Katherine Jackson, the late Michael Jackson’s mother, was granted guardianship over the children by the court. In a shocking turn of events, it would seem Katherine abandoned her grandchildren and skipped out to Arizona for at least 10 days. As a result, 82-year-old Katherine Jackson lost custody of the three young Jackson children.

34-year-old Tito Joe, aka TJ Jackson, son of Tito Jackson and cousin to Michael’s children is now responsible for the kids temporarily. The court deemed it necessary to hold an emergency hearing, where TJ told the court that Katherine Jackson wasn’t acting like herself. He got the impression that she was trying to speak to him in code and that she was being held against her will in Arizona.

Rebbie, Jermaine, Randy, and Janet are said to be attempting to coerce their mother into contesting Michael’s will, which left them inheriting nothing of their brother’s estimated billion dollar estate. The judge let it be known that the late pop star’s mother had done nothing wrong, but he does give credence to Katherine Jackson’s lawyer Sandra Ribera’s statement that she believes Katherine is being held against her will in Arizona by her own children.

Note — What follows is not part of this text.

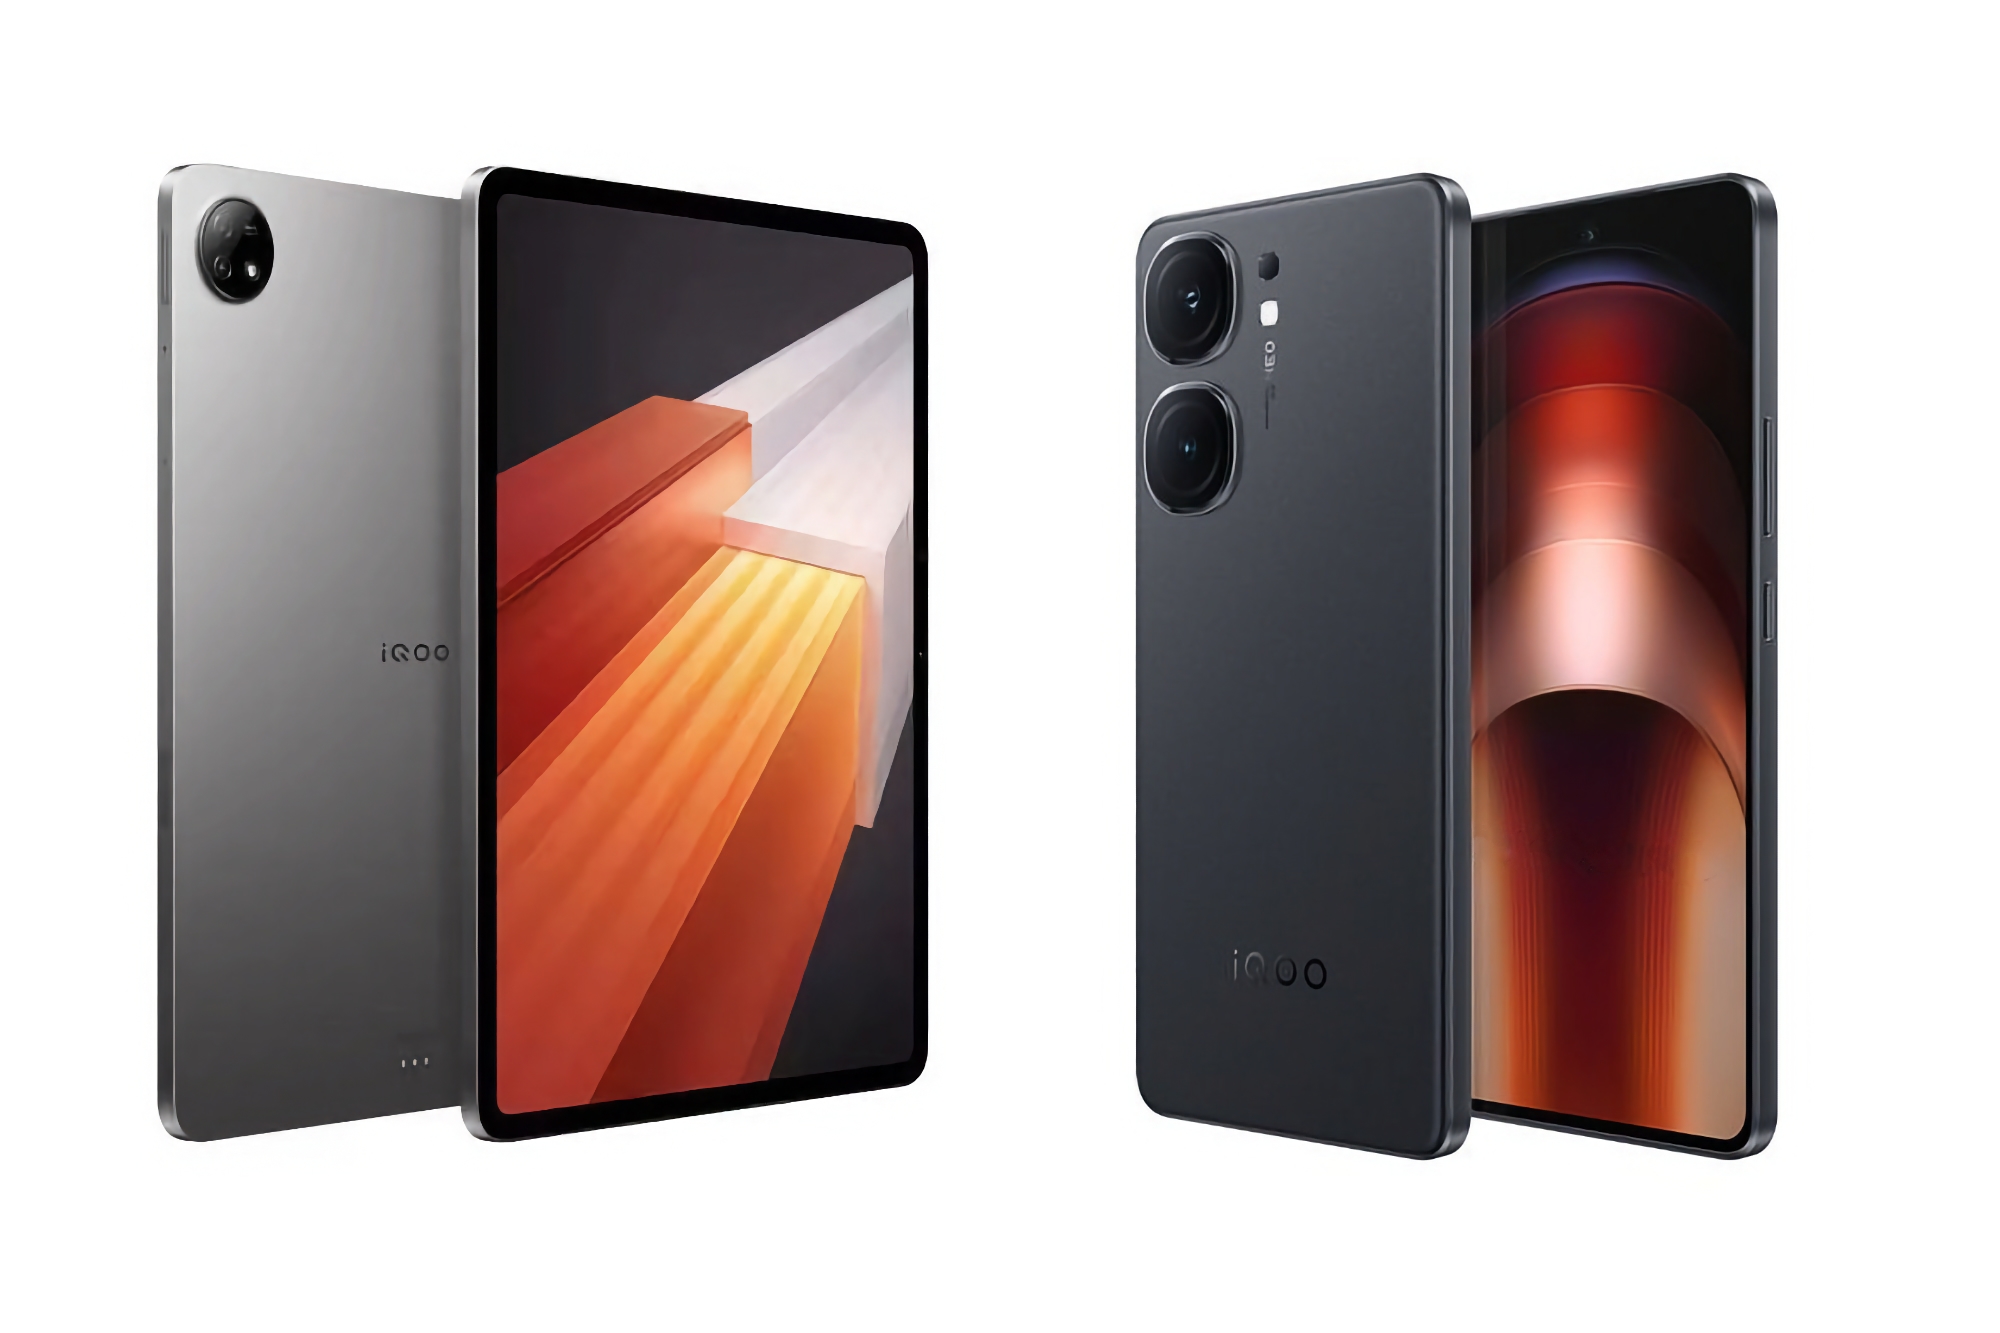 An insider has revealed the detailed specifications of the iQOO Neo 9s Pro smartphone and iQOO Pad 2 Pro tablet
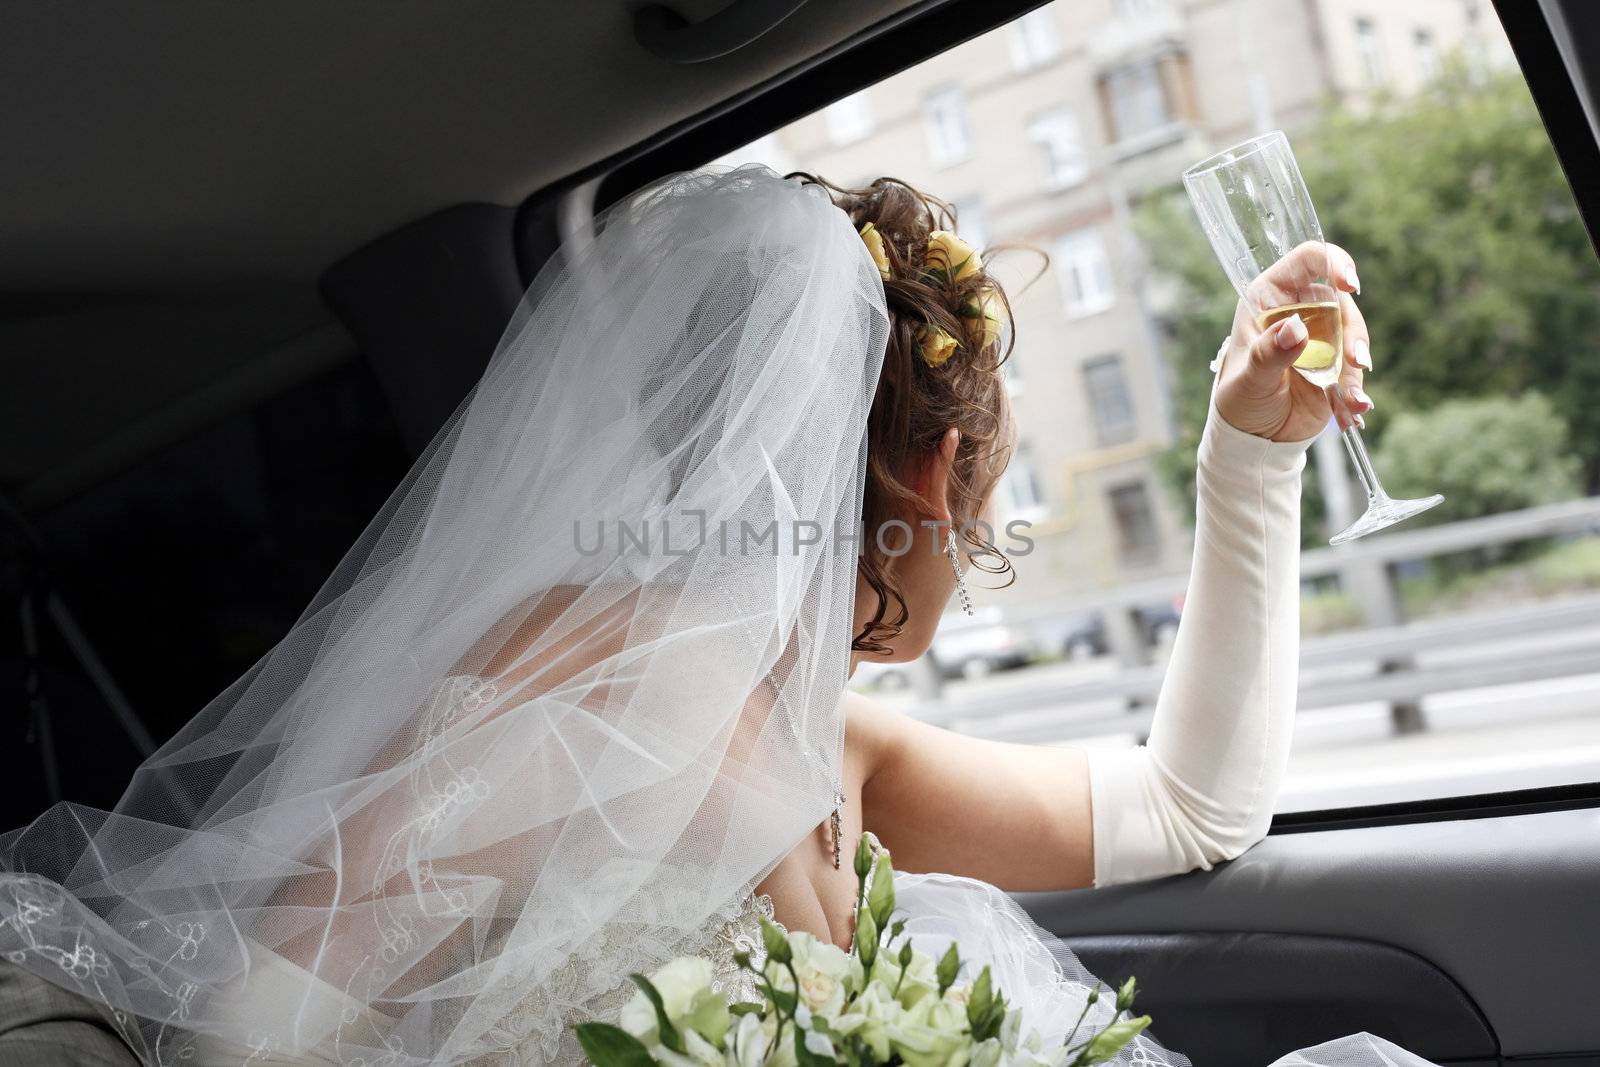 The bride looks in a window of the automobile

TJ is not to allow the children out of the state of California without a court order and permission from the kid’s biological mother Debbie Rowe and Katherine’s successor in the event of her death – Diana Ross.

Videos shown on Good Morning America and TMZ prove Janet and Randy Jackson attempted to ambush the Jackson children’s car in an attempt to take them to Arizona. Janet was taped trying to take Paris Jackson’s cell phone from her twice and then attempting to chase her. Janet’s brother Randy restrained her. Reports also state that Janet was caught searching the Calabasas estate for the children’s passports before Paris kicked her out.

TJ reportedly will file an injunction to become the kid’s permanent legal guardian. Perry Sanders, another member of Katherine’s legal team, will fight the injunction and says this is all a big misunderstanding.

According to Manhattan defense lawyer Bukh, it would seem obvious that the Jackson clan could all end up in hot water. Attempted kidnapping, breaking and entering, kidnapping, false imprisonment, harassment, endangerment of a child and many more charges could, and perhaps should, be filed. It also seems clear that a general lack of love, regard for life and respect for Michael and his children is being displayed my far too many family members. The children are the victims of their father’s fortune.